**Raw data**
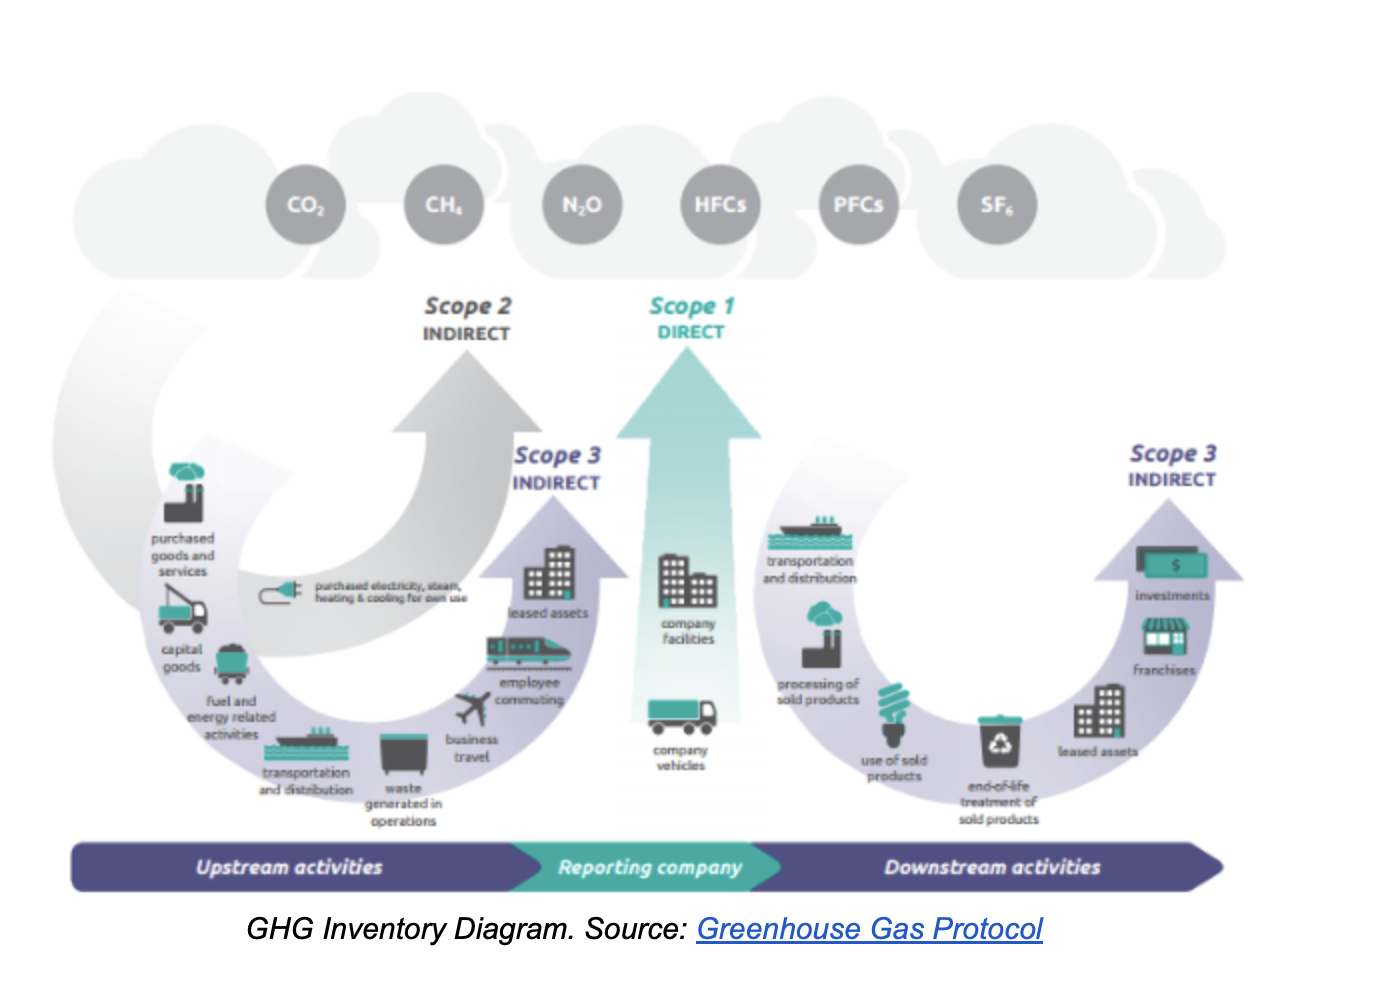 GHG Protocol basics: Scope 1, 2, and 3 emissions reporting
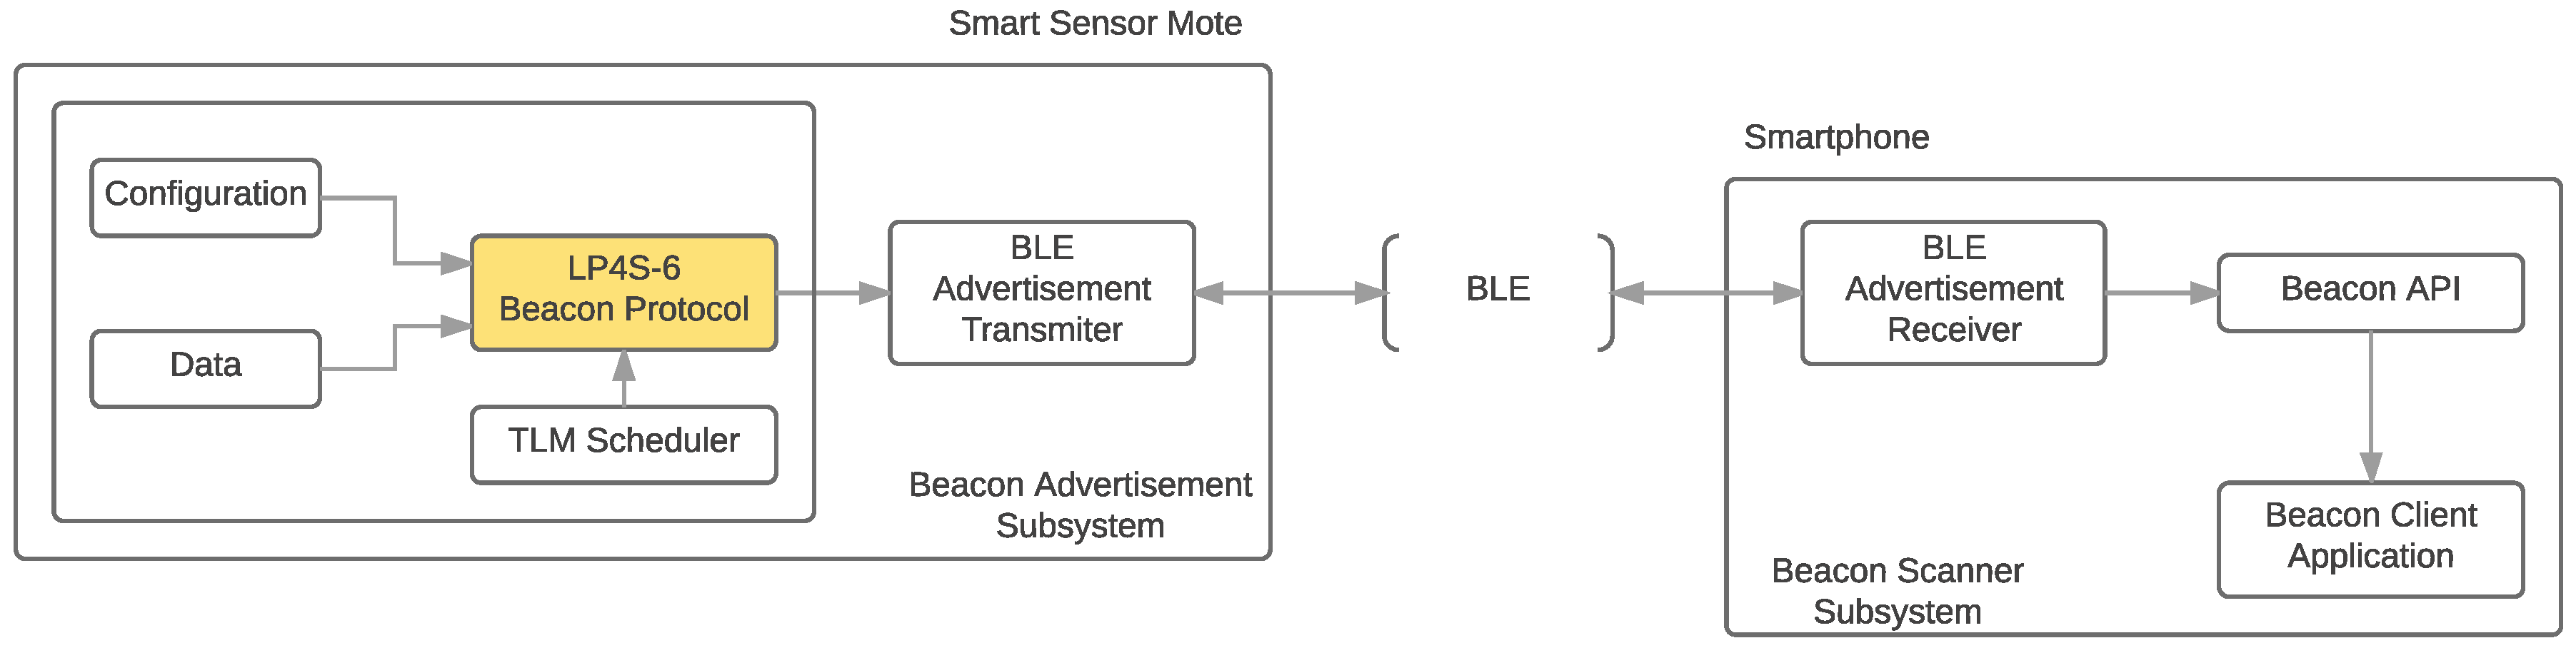 Sensors | Free Full-Text | Design and Practical Evaluation of a Family of  Lightweight Protocols for Heterogeneous Sensing through BLE Beacons in IoT  Telemetry Applications | HTML
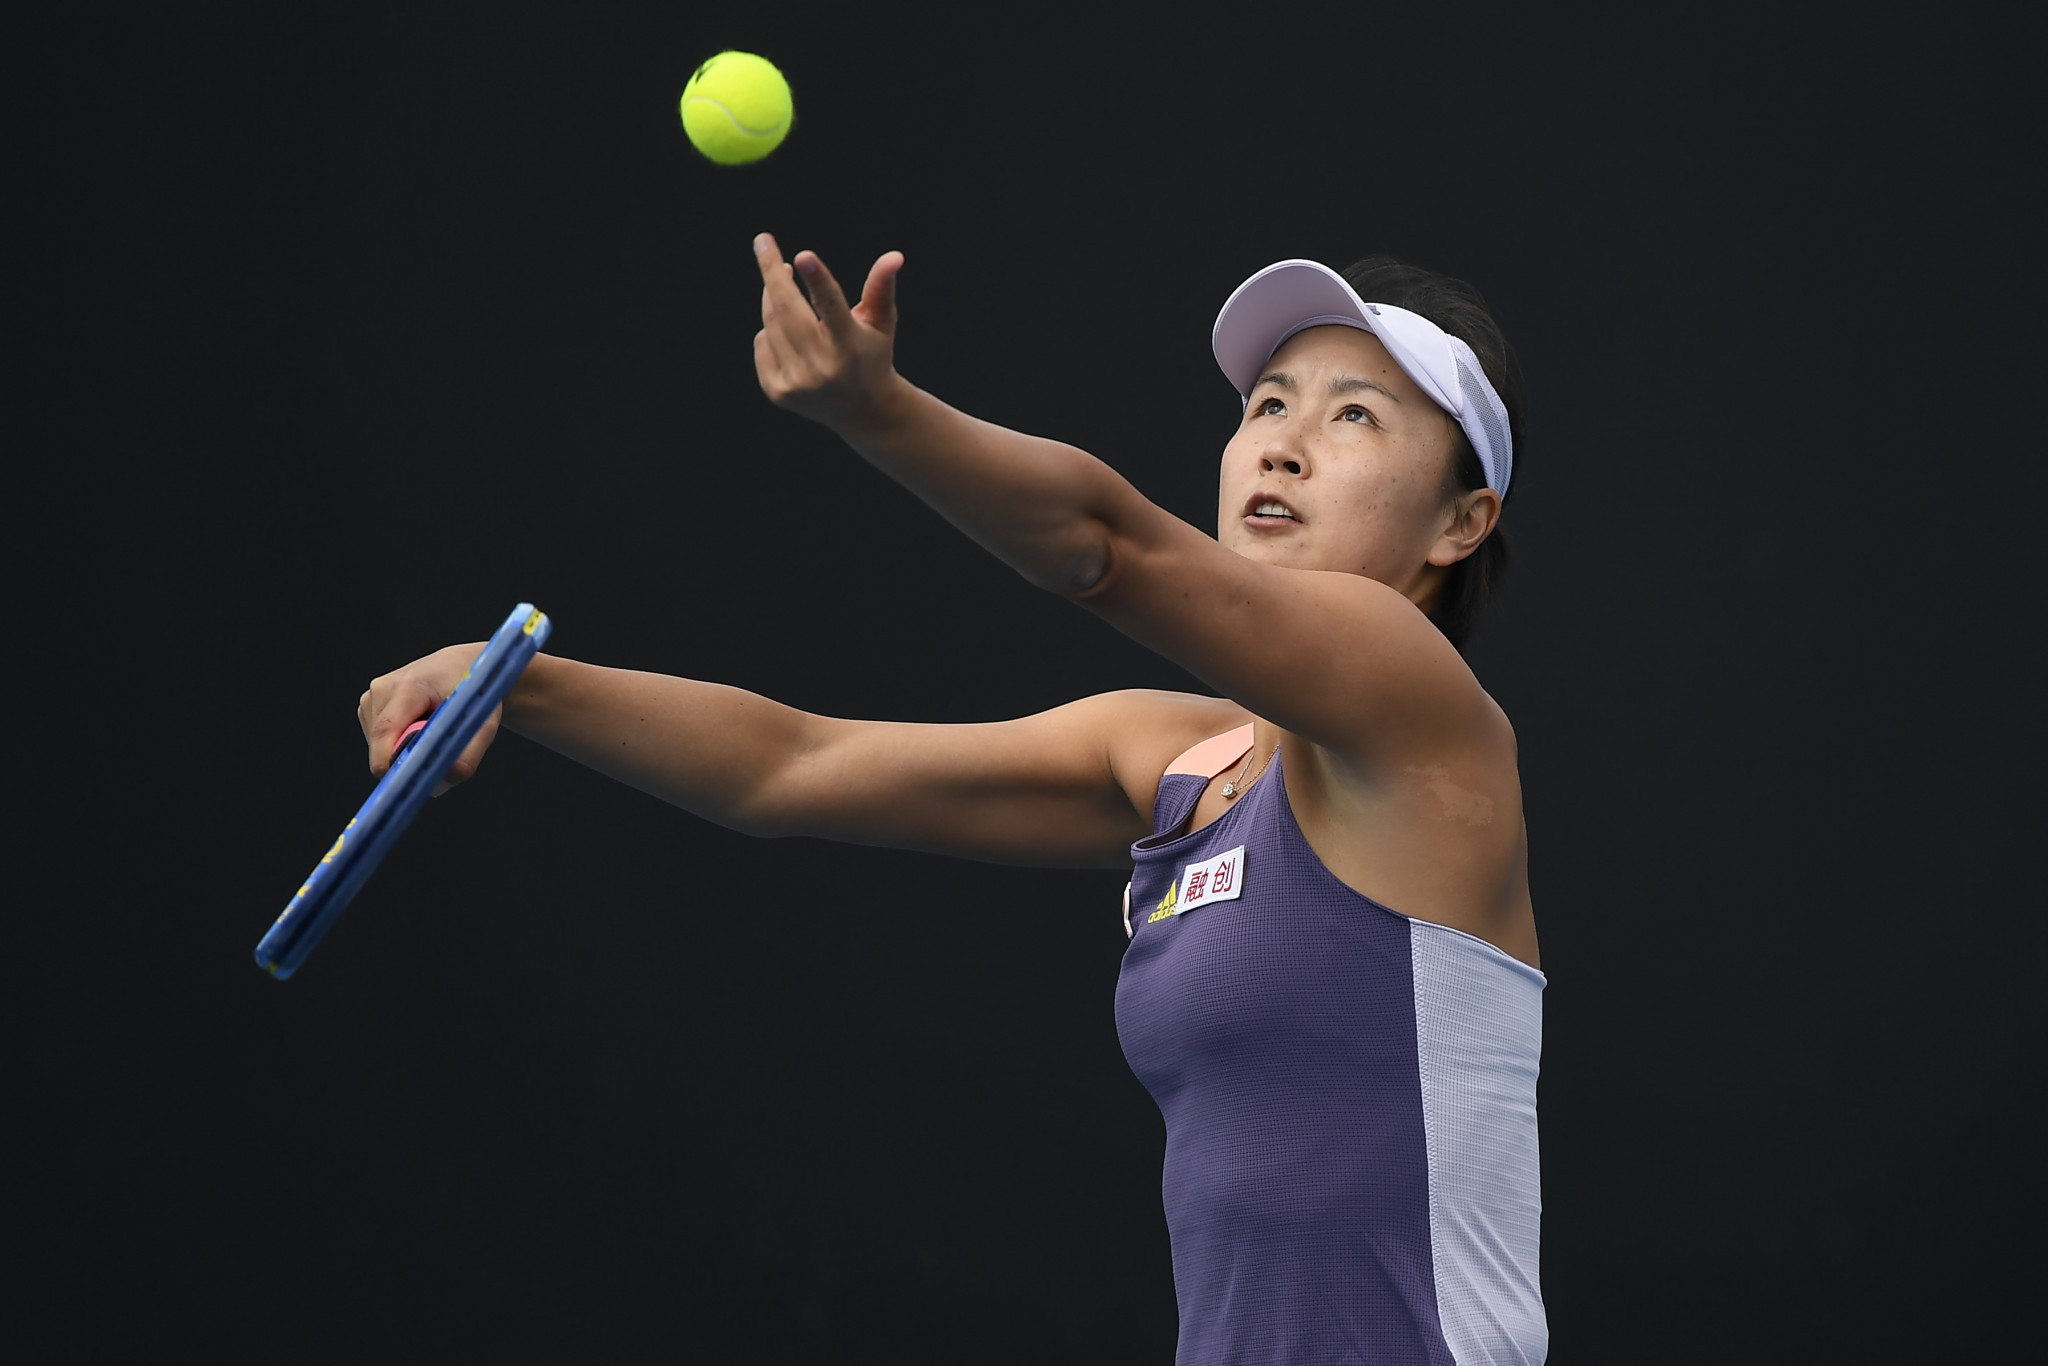 Several players have expressed concern over the welfare of Peng Shuai ©Getty Images

**Exercise description**
Pictures stay out; everything else in the listing above is to be repeated exactly.

**Task answer**
 GHG Protocol basics: Scope 1, 2, and 3 emissions reporting
 Sensors | Free Full-Text | Design and Practical Evaluation of a Family of  Lightweight Protocols for Heterogeneous Sensing through BLE Beacons in IoT  Telemetry Applications | HTML
 Several players have expressed concern over the welfare of Peng Shuai ©Getty Images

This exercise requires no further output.